Please share your thoughts below.
Scholasticism Mukasonga’s “Grief” is difficult to read because the subject is the deaths of the protagonist’s family in Rwanda and the overwhelming loss she continues to feel after having escaped to France. But Mukasonga has a subtle way of making death offer the odd spiritual gain of guiding one towards endeavoring to live a larger more fulfilling life instead of the bare indifferent ordinary existence the loved one’s death usually is perceived to have left to the survivor. The essence of the dead loved one within oneself fuels the surviving family member toward living a larger more accomplished existence like a star shining brightly in the sky and one wonders where it obtains all the raw energy to achieve such an overwhelming radiance. Most people have trouble seeing it that way because deriving a higher sense of cause and effect out of death can’t be done very easily. Excellent writing affirms the unseen for those who might suspect it still might exist. Another thing she does is formulate how the otherness of racism, the otherness of black from white is an artificial concept. The protagonist seeing her own black father’s body in the completely unfamiliar white father’s body in a coffin affirms the interracial interweaving of our souls even if the bodies physically look different or if one overvalues the differences (which is a huge sin) rather than the similarities. Death makes everyone almost exactly similar to everyone else. So this story can be uncomfortable to read in how it looks at death and in particular the horrific death of family in a genocide which the brain has immense difficulty in either processing or accepting. But when you finish reading it, there is tiny bit of transcendence or affirmation to have been offered which is a rarely attained aspect of the best writing.

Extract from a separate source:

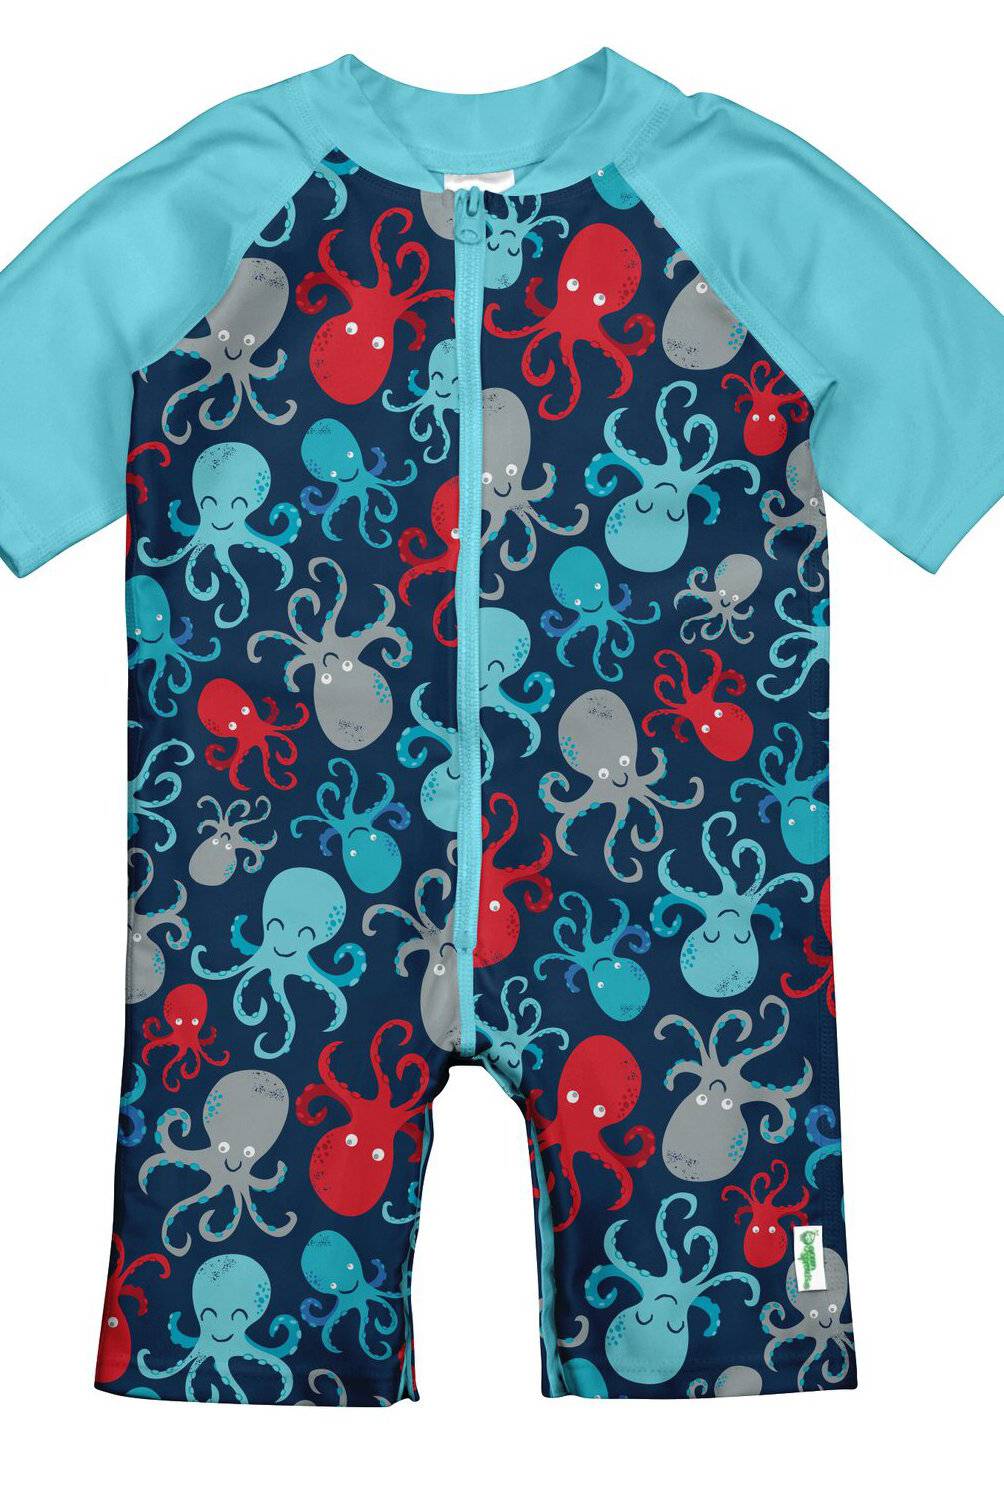 IPLAY - Traje de Baño Swimsuit Azul Octopus

It seems like so much of what the New Yorker prints of late seems either like reportage (Kunzru’s story “A Transparent Woman) or thinly veiled memoir (Hemingway’s story a month back). This definitely falls into the latter category. But…unlike her earlier “Cattle Praise Song” which I couldn’t finish, this is powerful. She sort of takes the reader on a Kubler-Ross like journey through the stages of grief and some interesting sublimations practiced on the way to a full acceptance.

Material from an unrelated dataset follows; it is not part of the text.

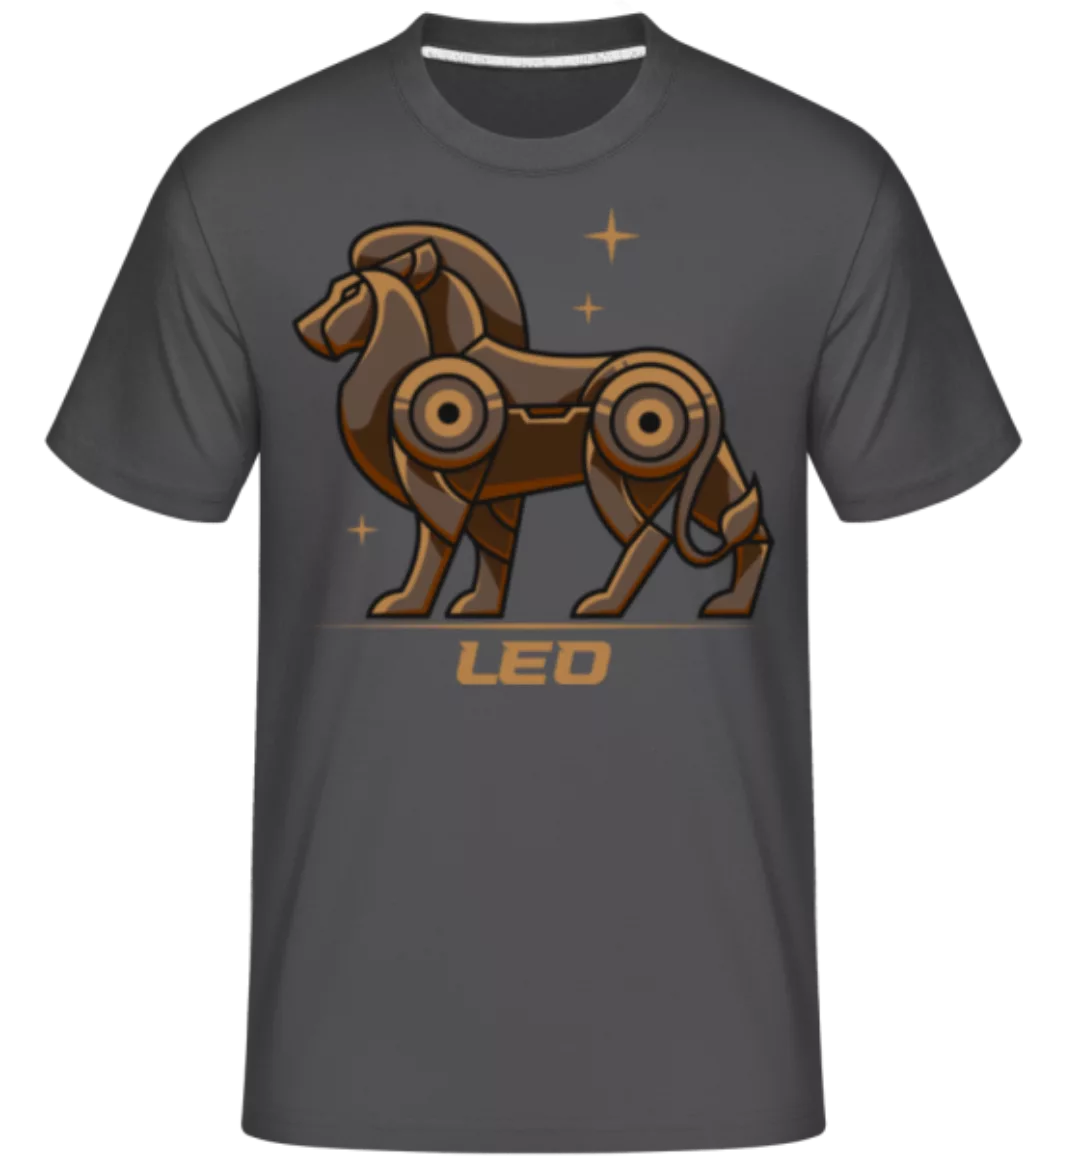 Mecha Robotic Zodiac Sign Leo · Shirtinator Männer T-Shirt günstig online kaufen

I had been putting off reading this story after a quick glance at the title and subject matter—a story called “Grief” just didn’t seem very alluring in 2020–but I finally dug it out of my stack of unread New Yorkers and was seized. Mukasonga imbues the story with grim and gripping imagery: the bags of bones and skulls, the face in the latrine, the list of names which is the closest thing the protagonist will ever have to a grave marker. A cursory glance at the author’s biography might suggest a hint of autofiction, yet the power of the story elevates it above the “navel-gazing” found in other contemporary stories. The theme of grief in exile resonates and, while I’d hesitate to equate genocide with the pandemic, seems relevant in light of current realities. And yet, we are given an ending that, if anything, is hopeful. Definitely in my top 5 stories of 2020.